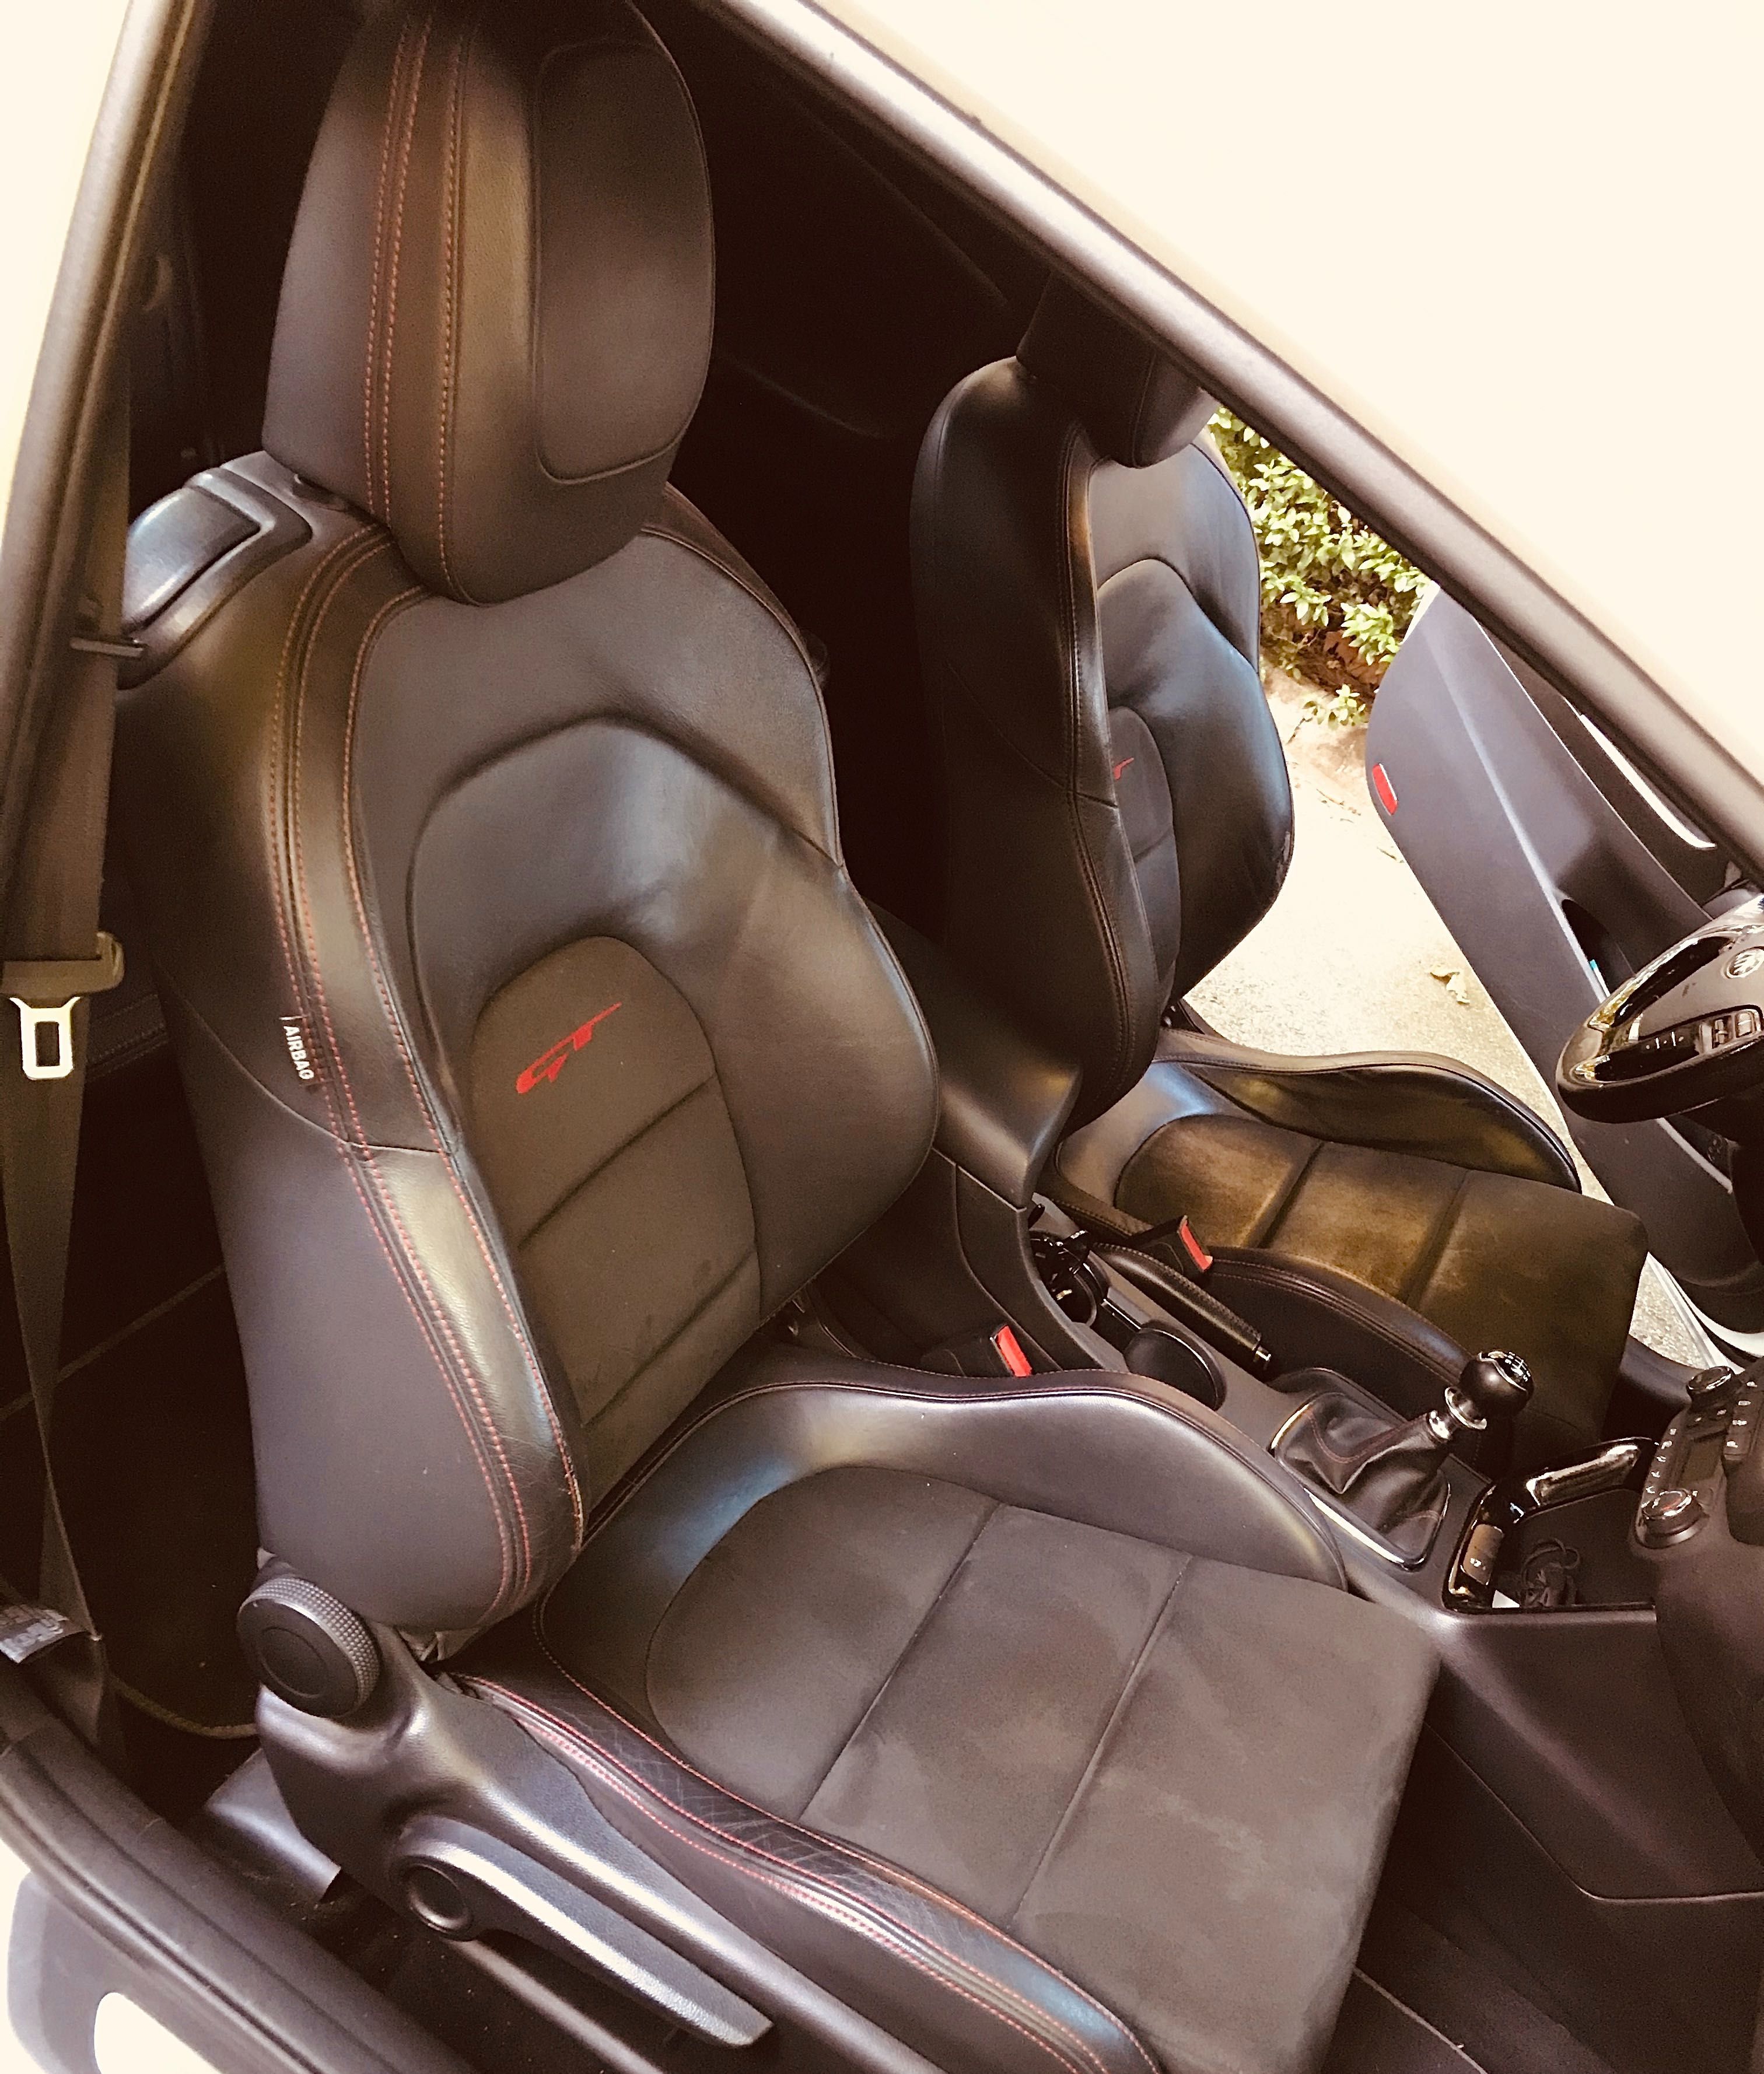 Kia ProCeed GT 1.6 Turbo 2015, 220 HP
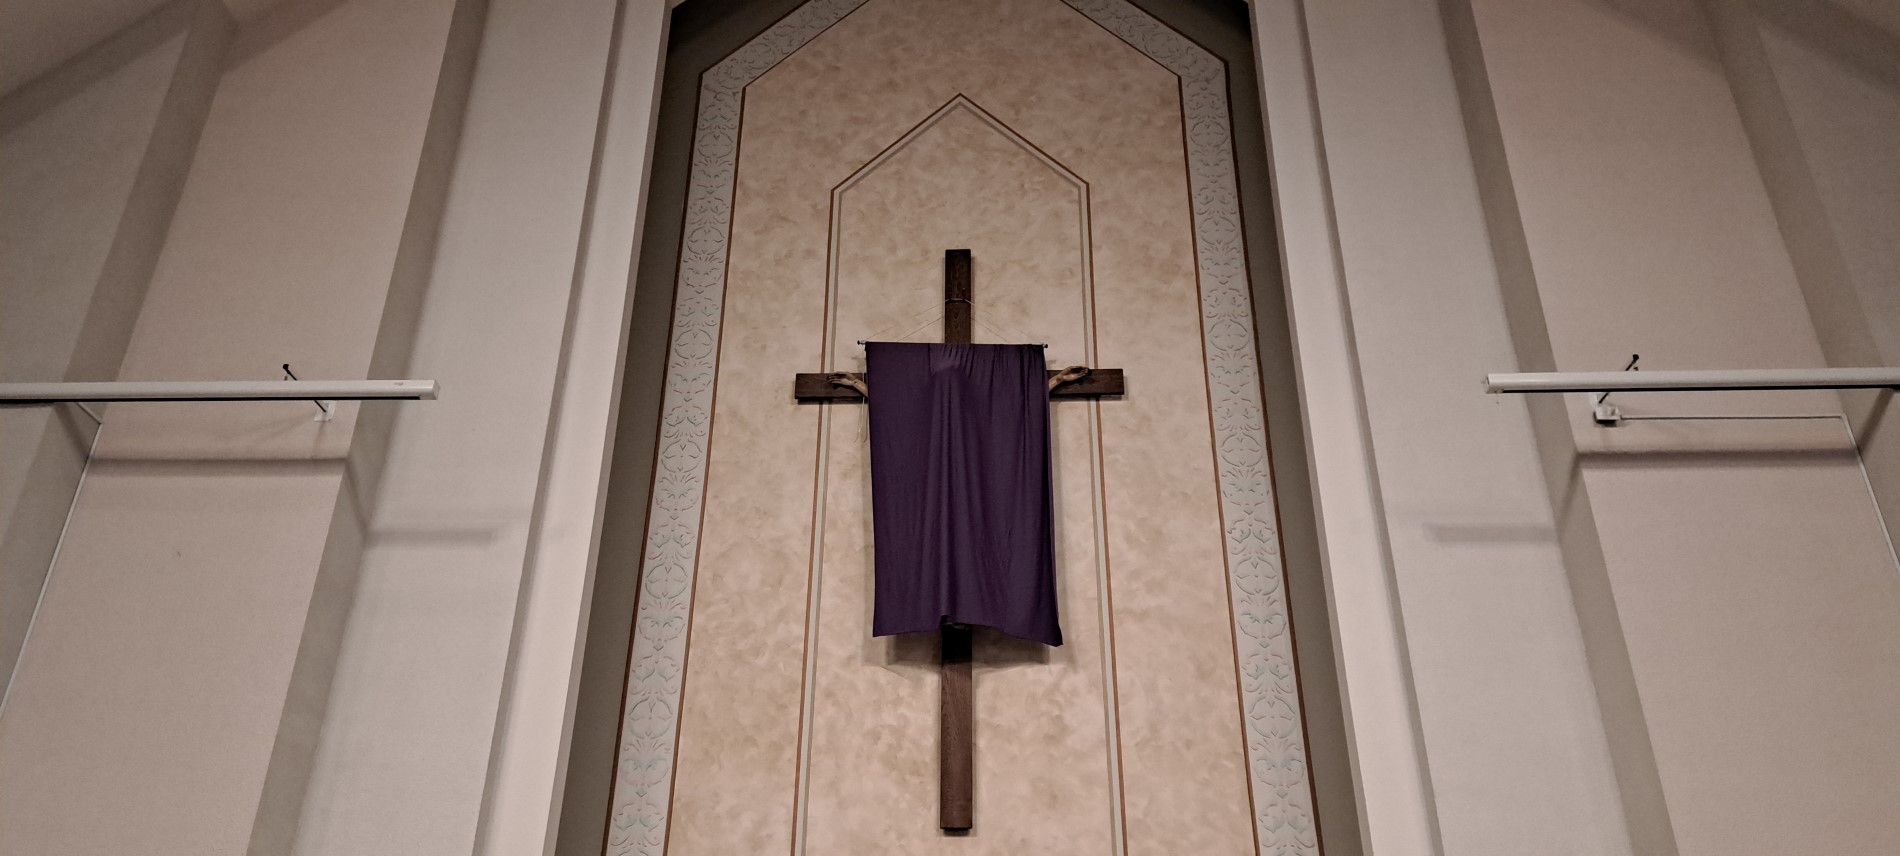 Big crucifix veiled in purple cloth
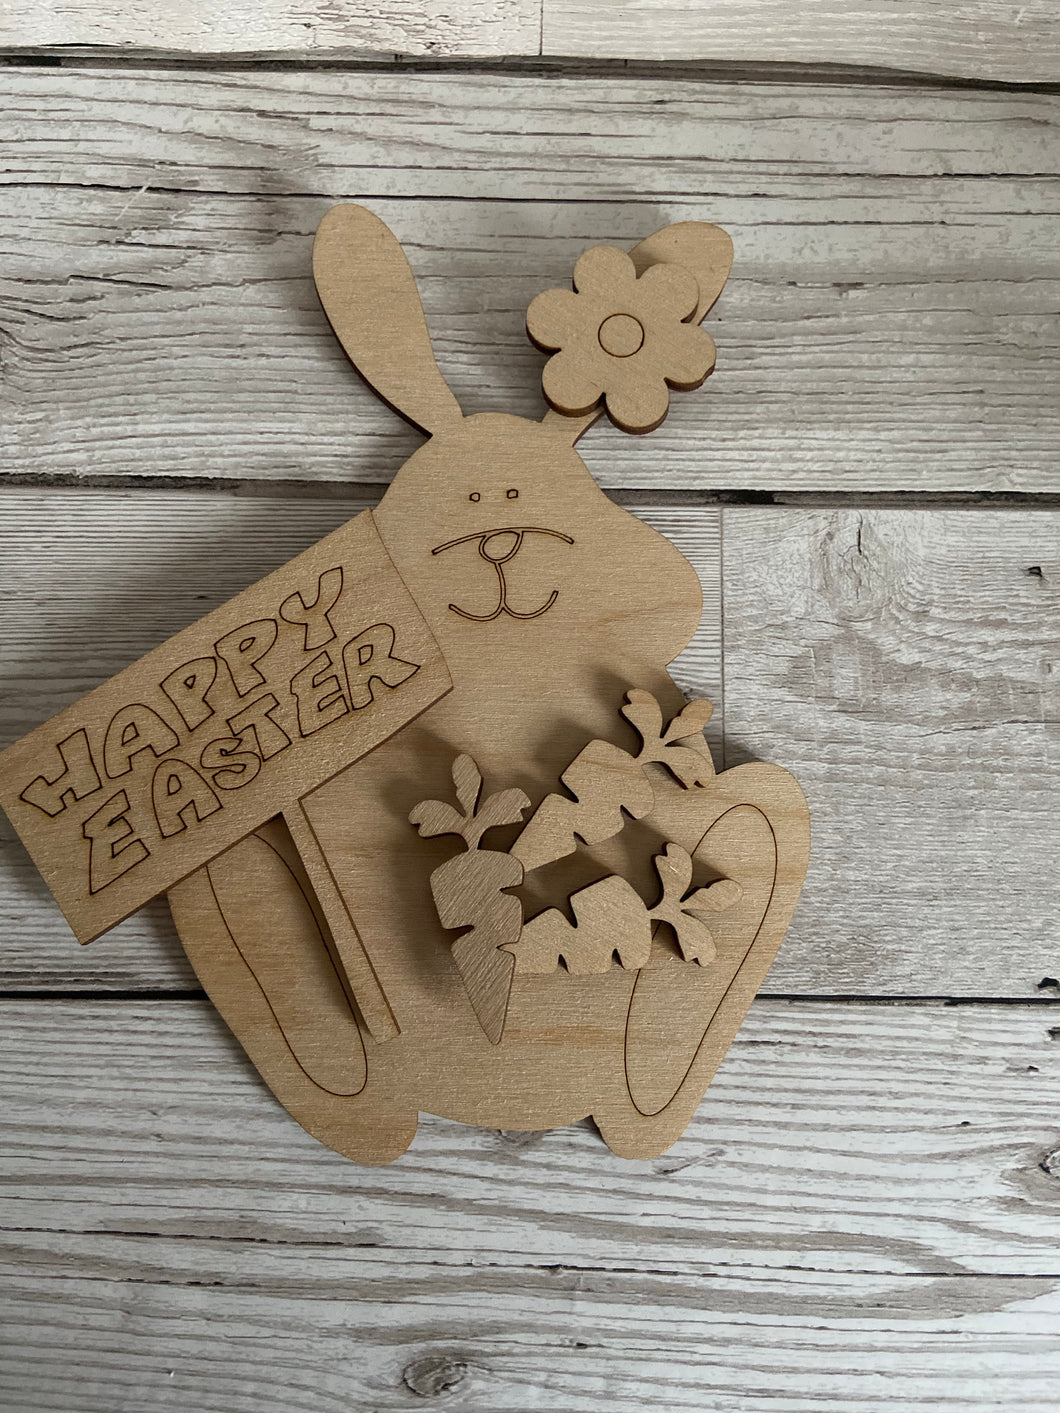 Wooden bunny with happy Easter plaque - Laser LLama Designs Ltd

•••

▶ _Work required_:
Your copy must consist solely of the lines from the one containing "Big crucifix veiled in purple cloth" through the final line of the material above, transcribed exactly, with the pictures left out.

▶ _Solution for this exercise_:
 Big crucifix veiled in purple cloth
 Wooden bunny with happy Easter plaque - Laser LLama Designs Ltd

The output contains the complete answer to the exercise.